COMM 260, Principles of Internet Web-Based Design
Instructor: Ross Collins
Find stuff on the net
For users like us who are looking for more.
Everyone seems to be saying nowadays that their favorite search engine is Google. It's become a verb! Soon to be part of your Funk and Wagnalls! (Perhaps. Do they still make the F & W? Search it out yourself.)
But most of us may not be aware that Google can do lots of things beyond "googling," as we say, and beyond Froogle, the low-price shopper comparison. For example:
Phone book:
Type name of person or business, city and state, or zip code. Hypothetical example: Irving Nern, Gackle, ND.
Yellow pages:
Type kind of business you're looking for, city and state. Hypothetical example: Goth clothing shops, Fargo, ND.
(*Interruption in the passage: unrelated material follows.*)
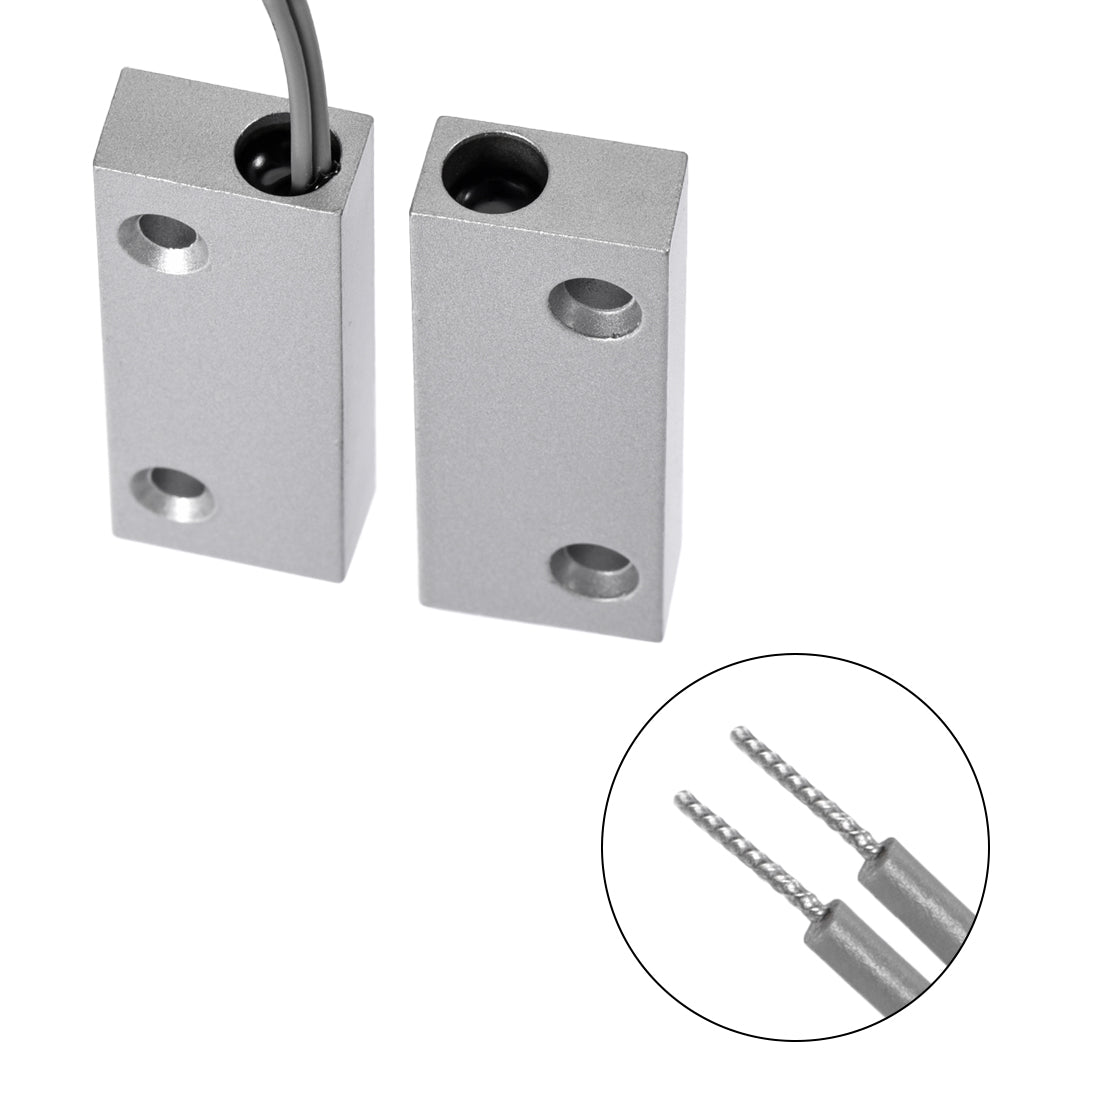 uxcell Uxcell MC-52 NC Rolling Gate Door Contact Magnetic Reed Switch 2Set

Find a name from a phone number scrawled on the outhouse wall:
Type phone number, with area code. Hypothetical exa...well, you can figure these out.
Free calculator:
type numbers separated by +, -, * or /.
Free dictionary:
Type define: and then the word.
Alternatives are good
Google wants to be your everything. But as mama told me (more or less), you'd better check out other possibilities. For example, Vivisimo categorizes search results, a big time-saver, instead of Google's throwing lists at you. Bonus! You can search E-Bay a lot faster than actually searching E-Bay. (What's that all about?) Dogpile runs your query through other search engines ("metasearch") to pick out the best of the best. It also finds audio or multimedia files, a reach beyond even Google's famously-pixel-stained hands. And then there's the Pile's cuter-than-heck fetching dog icon. What's not to like?